There are five orders of ice cream. Each ice cream order has a distinct cone, distinct ice cream flavor, and distinct topping. I have to put on a cone before I can put on ice cream, and I have to put on ice cream before I can put on the topping. I can arrange the orders multiple ways. For example, I can put out all three cones, then put on the ice cream then the toppings. Or I can just build each individual order up one by one. How many sequences can I fulfill the 5 orders? (I can only do 1 action at a time)

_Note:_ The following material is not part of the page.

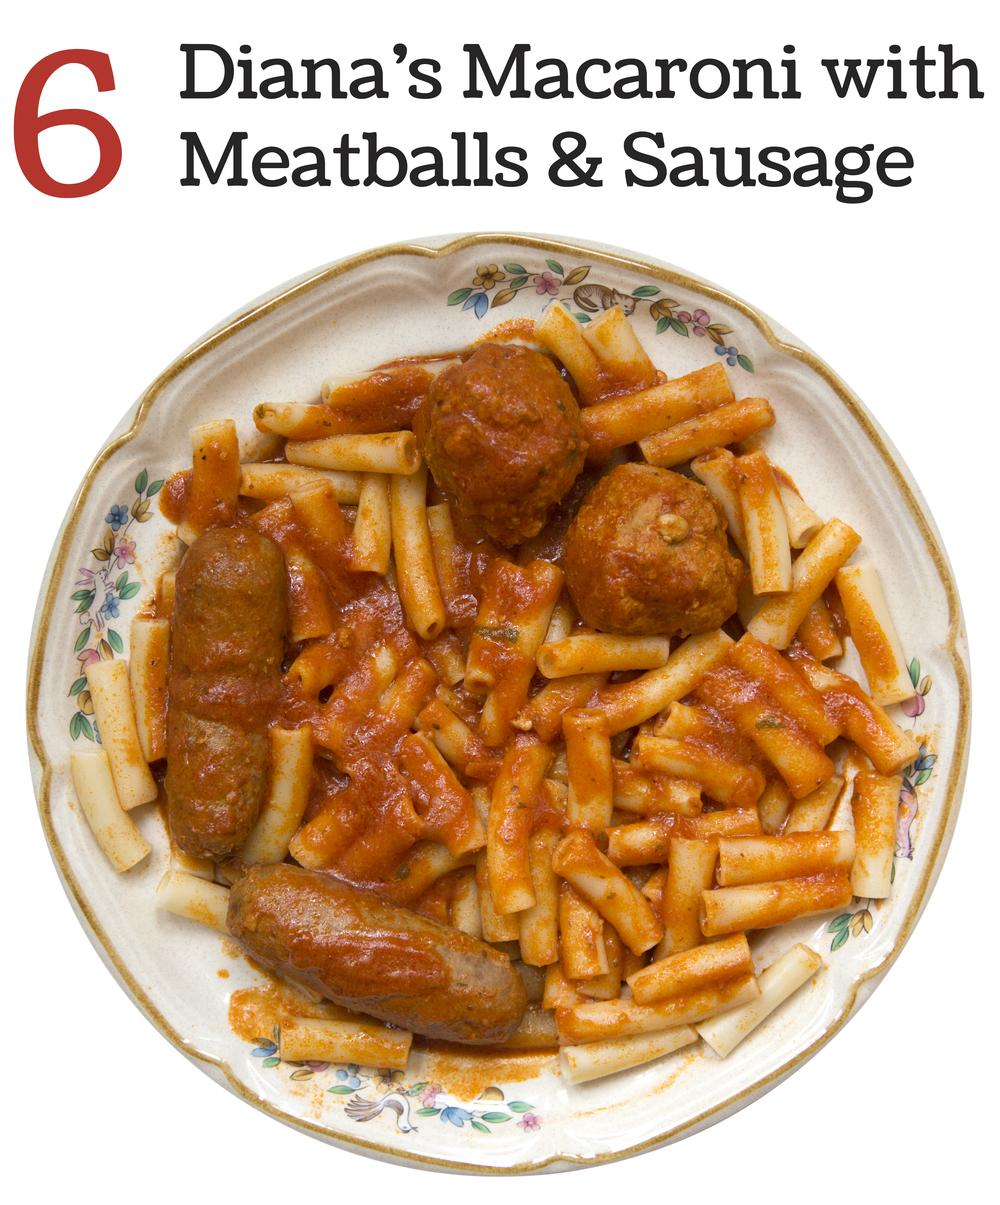 6 Diana's Macaroni with Meatballs & Sausage.jpg

So my thoughts are: I have 5 options in the beginning (since there are 5 distinct cones) (So 5 choose 1), then when I choose a cone, I can put on that specific cone's ice cream, or put up another cone. So there are another 5 options. But I'm stuck on what to do from here.
Best Answer
So we can think your question like this: we can choose a incomplete order, then build the next item to be put on the order, then choose a incomplete order, then build the next item to be put on the order, etc.
So as there are $5$ orders, we can number them $1, 2, 3, 4, 5$. Then we have $3$ $1$'s, $3$ $2$'s $3$ $3$'s $3$ $4$'s and $3$ $5$'s. Then we have $\frac{(3\times5)!}{{3!}^5}=168168000$ ways. That is a lot!